Graphically, Redfall already can’t make waves either. The game literally looks like a last-gen title. The Unreal engine can conjure up nice graphics just fine, but in Redfall we see the engine at its worst. The textures are inconsistent and on my system I suffered tremendously from texture pop-in, where a lower resolution texture is not replaced until very late by one with higher quality.

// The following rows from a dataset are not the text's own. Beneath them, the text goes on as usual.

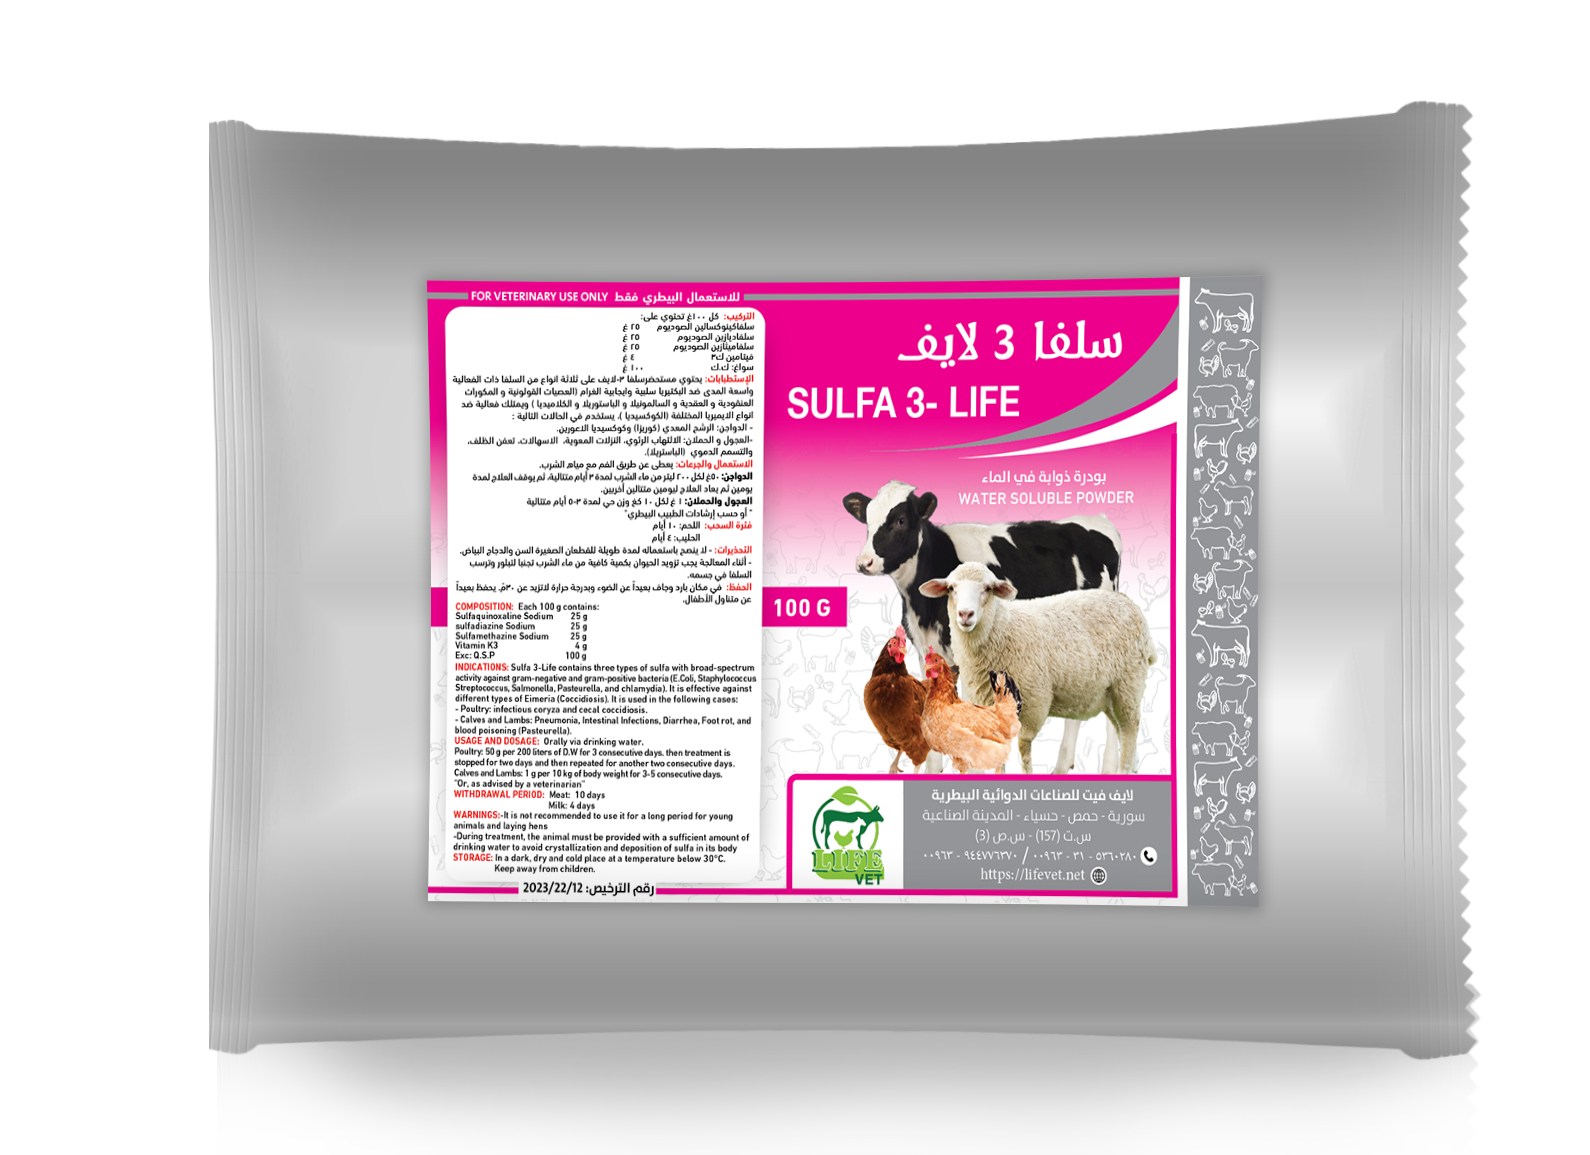 sulfa-3-life
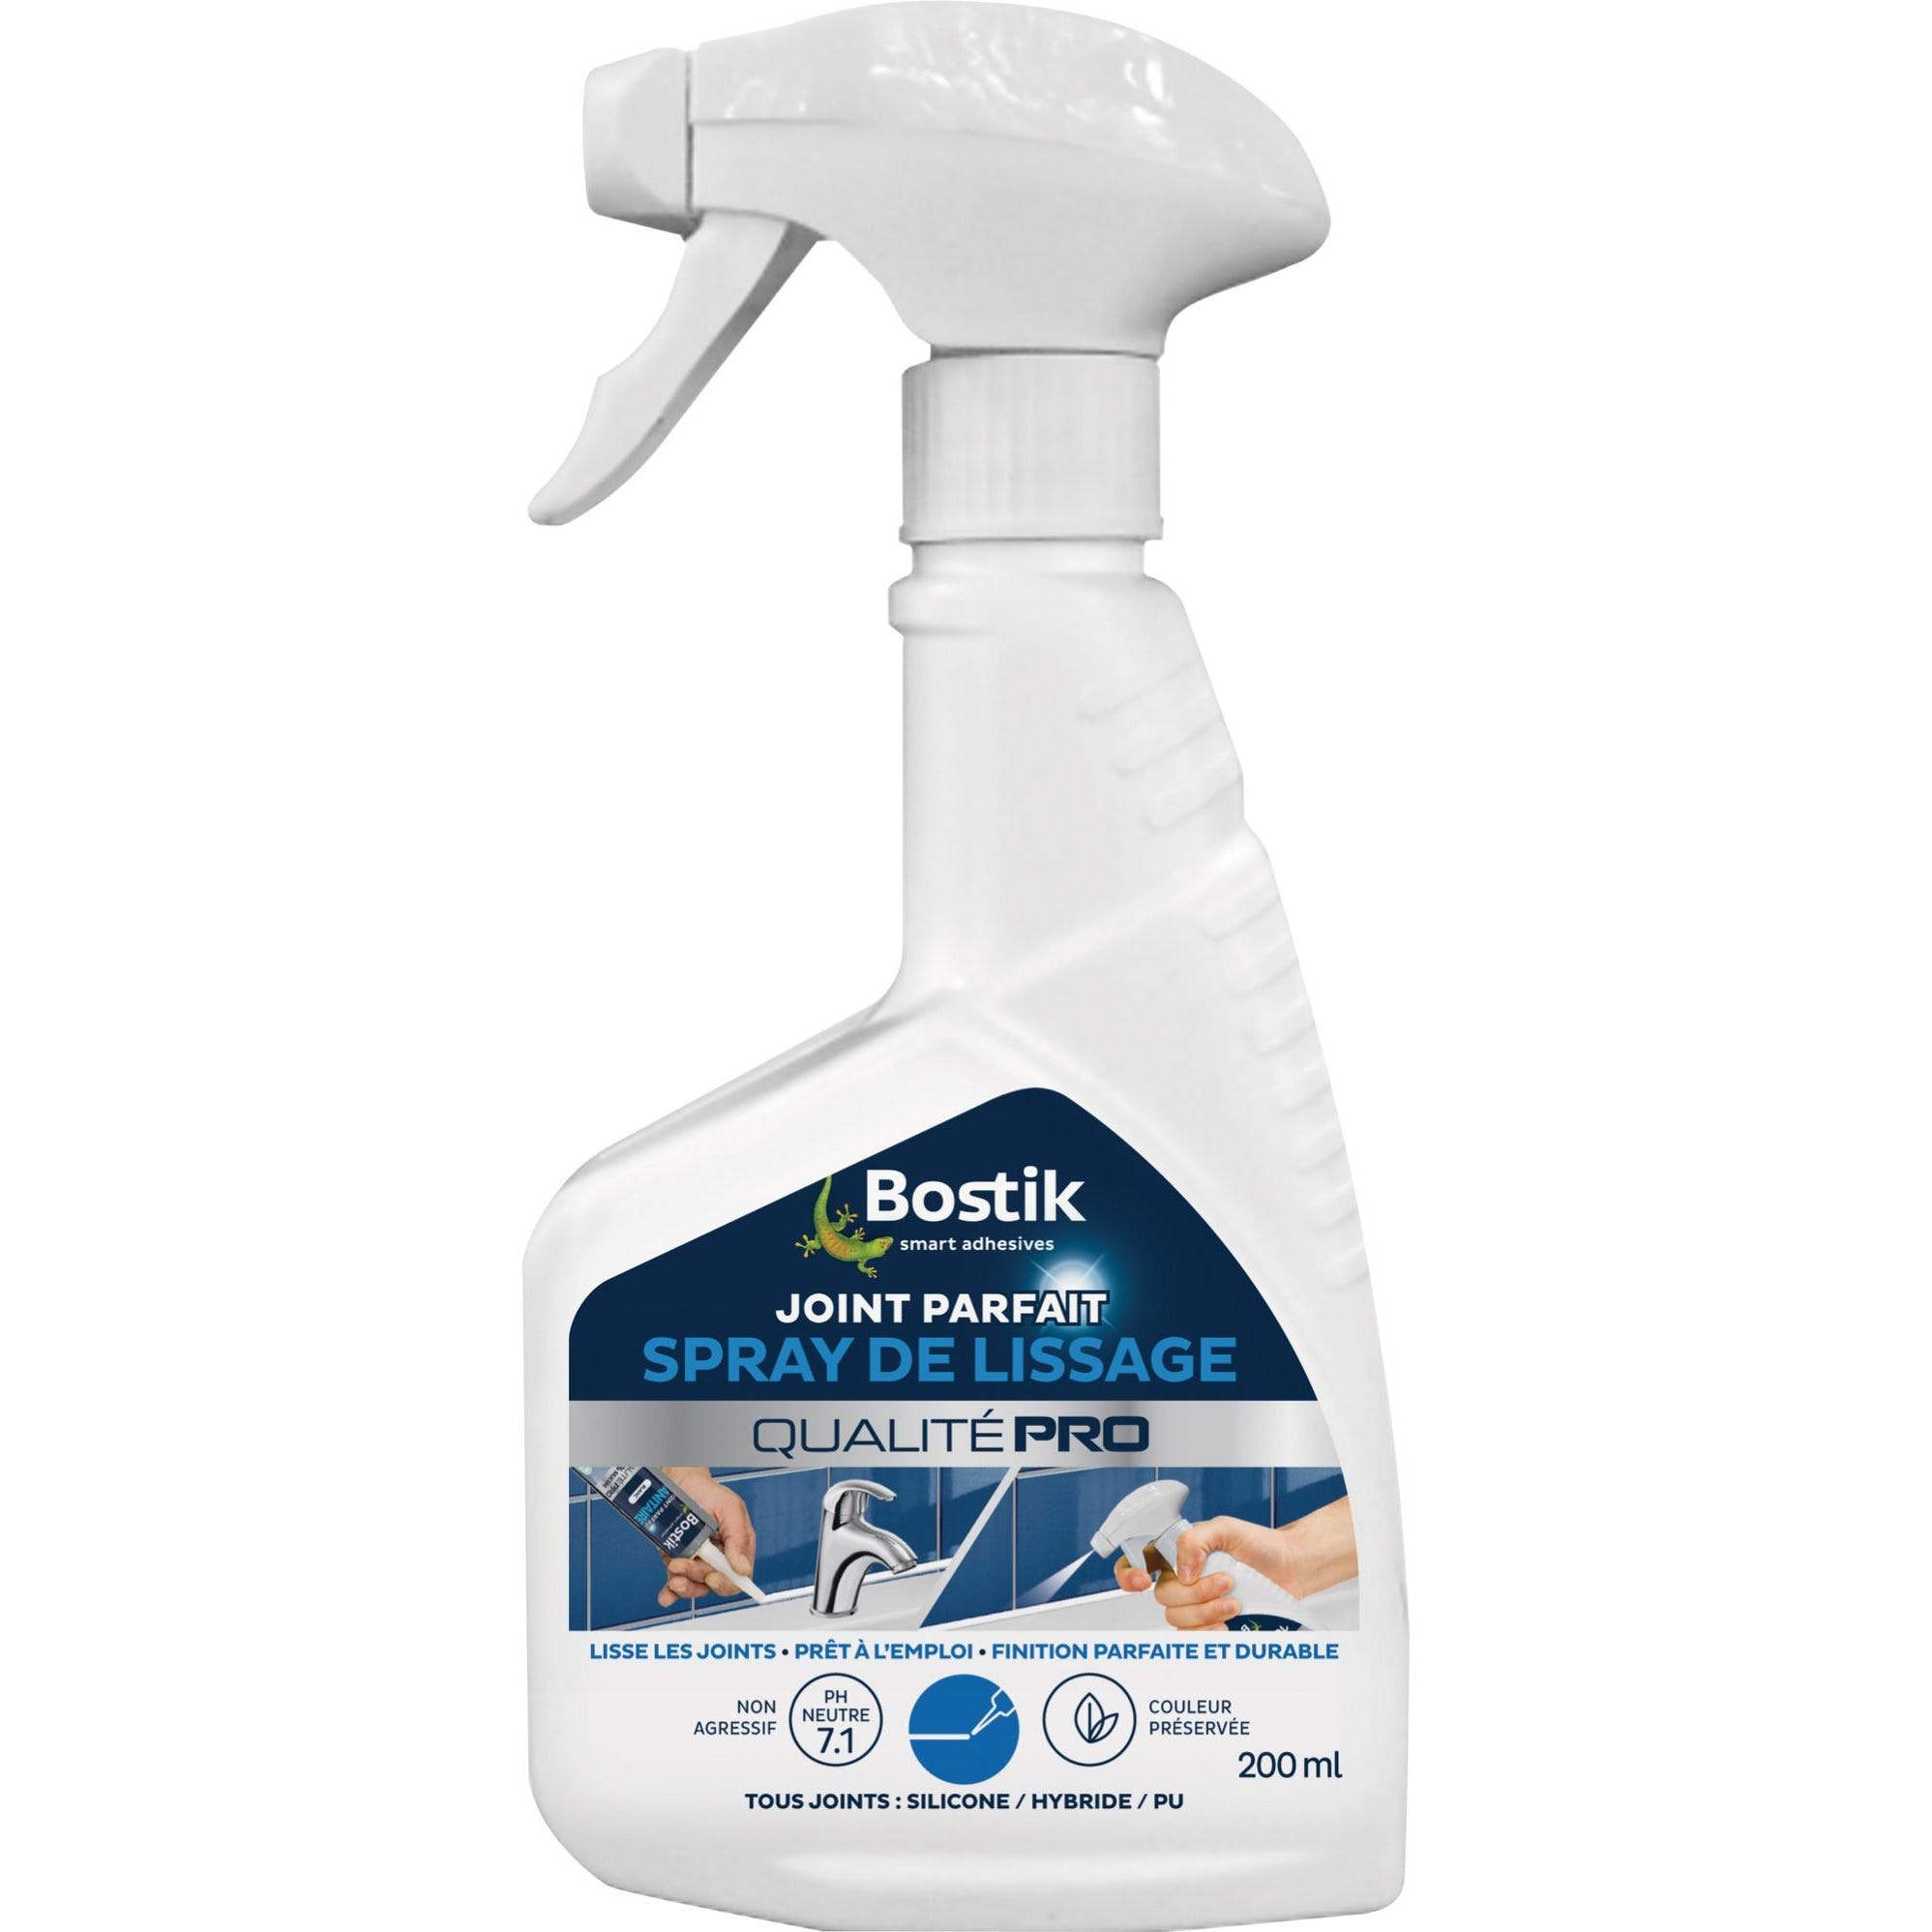 Spray de lissage - Joint parfait - 200 ml - Prêt à l'emploi - Bostik 0
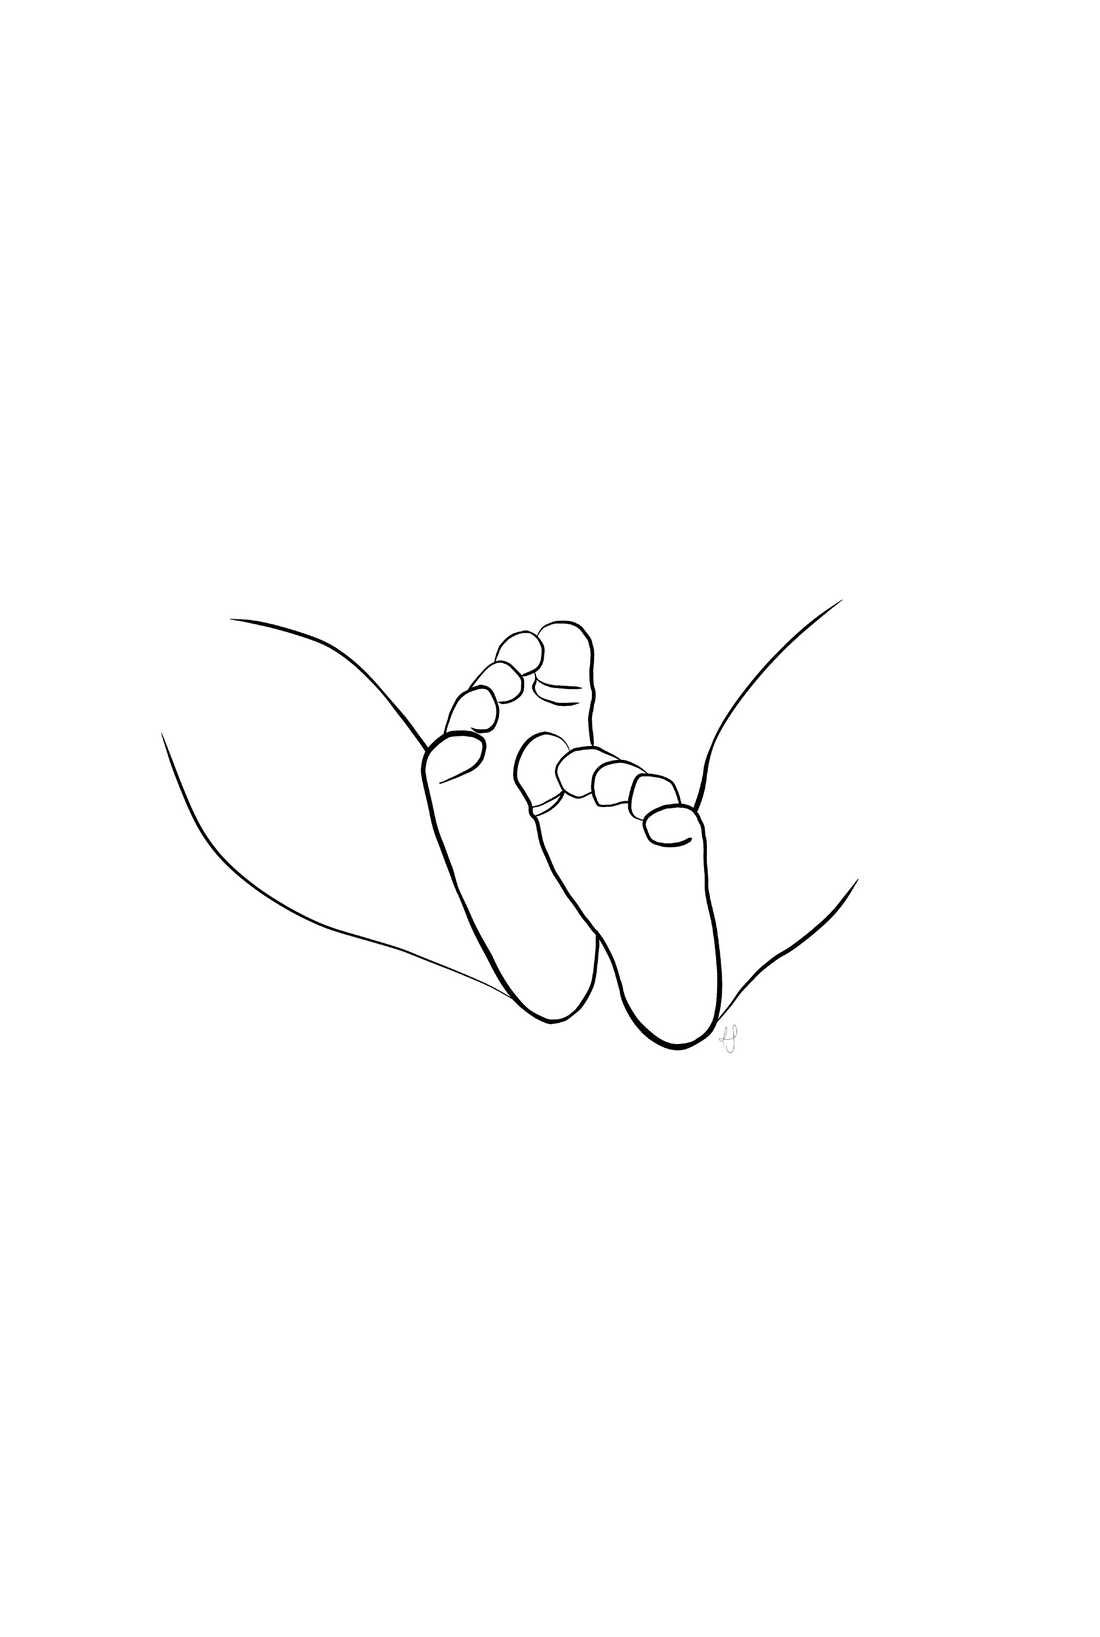 Teeny tiny toes - print
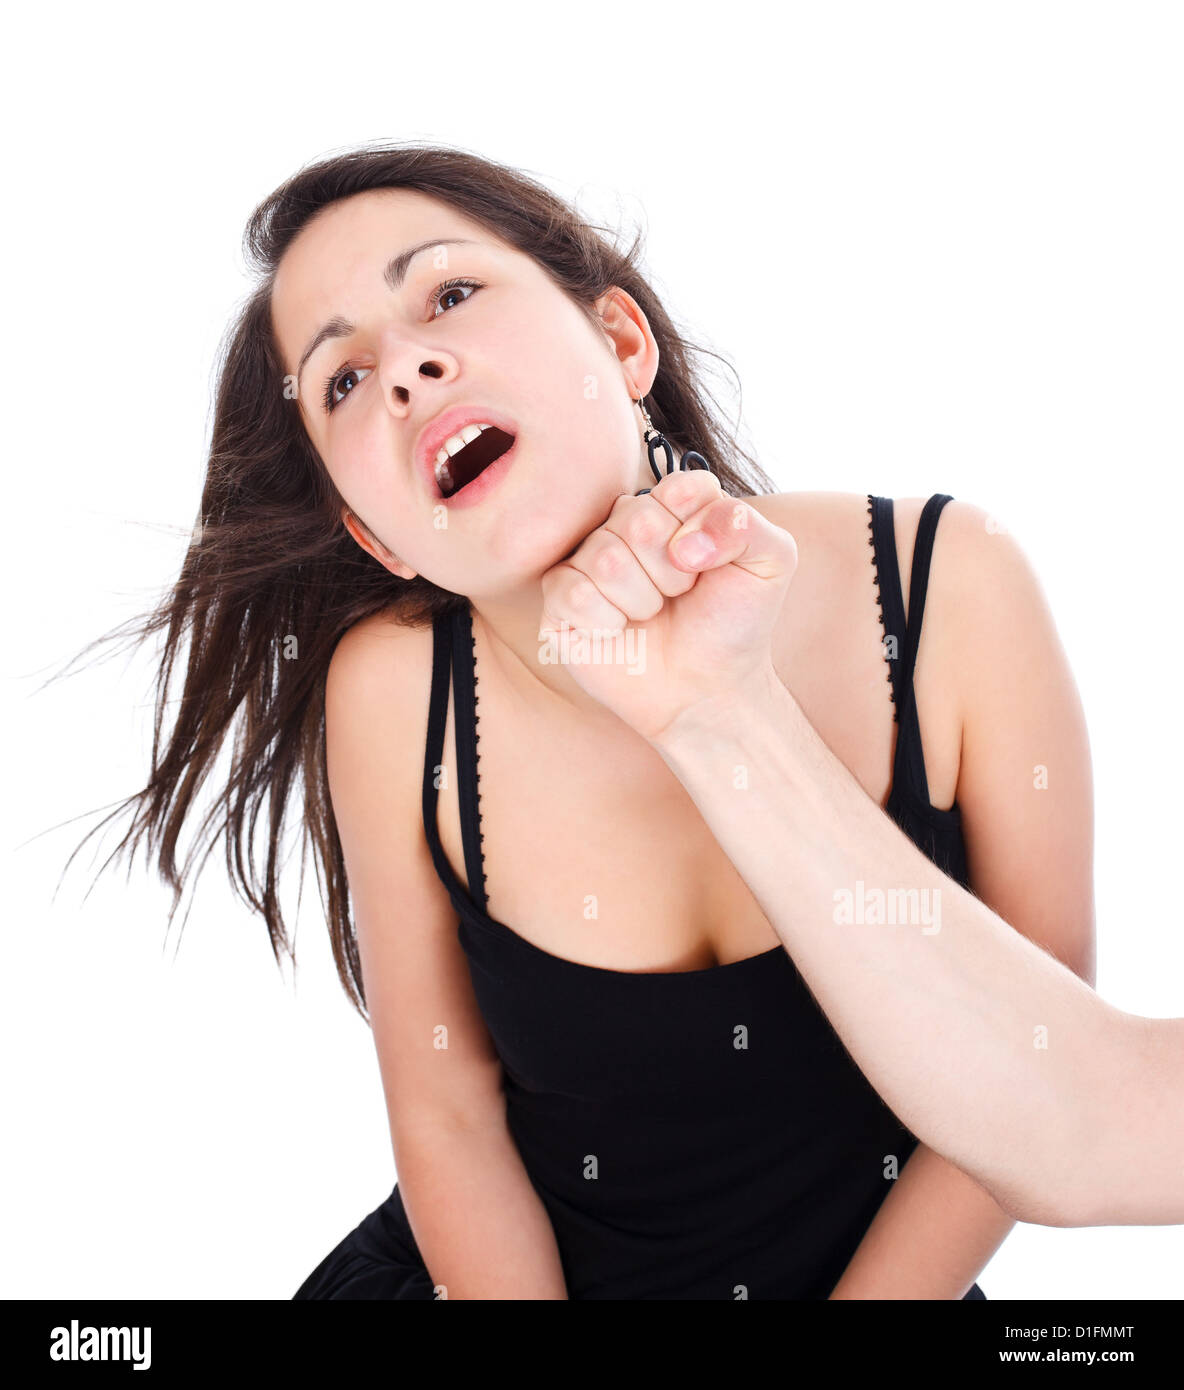 Ragazza adolescente ottenendo un punzone da una mano su sfondo bianco Foto Stock

The characters, buildings, environments and enemies look downright generic. The game does run fine otherwise, although FSR 2.1 seemed to be bugged. As soon as I turned this on I was getting weird artifacts all around characters and in shadows. Even without it, Redfall is not particularly heavy and I could run everything just fine on maximum settings. I did encounter some weird bugs, but nothing that really got in the way of playing through the game. Don’t be surprised if you come across some images online of T-posing opponents or characters slightly floating through their environment.

Redfall’s audio is excellent, though. The atmosphere is oppressive and ominous cries and screams can be heard from everywhere. The main vampire constantly sends intimidating messages into the ether, giving the game a twistedly scary atmosphere. The music is also excellent, but if Redfall has to rely on these two elements, that’s not a good thing.

Redfall feels like a rush job. Which is odd, considering the game has already been delayed once. Nothing in the game really works together nicely. Loot with stats adds nothing to the fine gunplay, special skills of the characters you barely use. Stealth is not really a solid option and despite there being multiple paths to most objectives, shooting everyone and running through is really always the best choice. With four players there is definitely still fun to be had with Redfall, but it is recommended to try the “free” Game Pass version then.

Redfall is unworthy of Arkane. A studio with such a history should simply be able to do better. The game plays fine on its own and doesn’t make huge missteps, but it lacks all the attention to detail, great characters, levels and gameplay we’ve come to expect from the developer. If you really have nothing left to play with your friends and can try Redfall for free through Game Pass, the game is still worth it. Adjust your expectations downward, Redfall is anything but a masterpiece.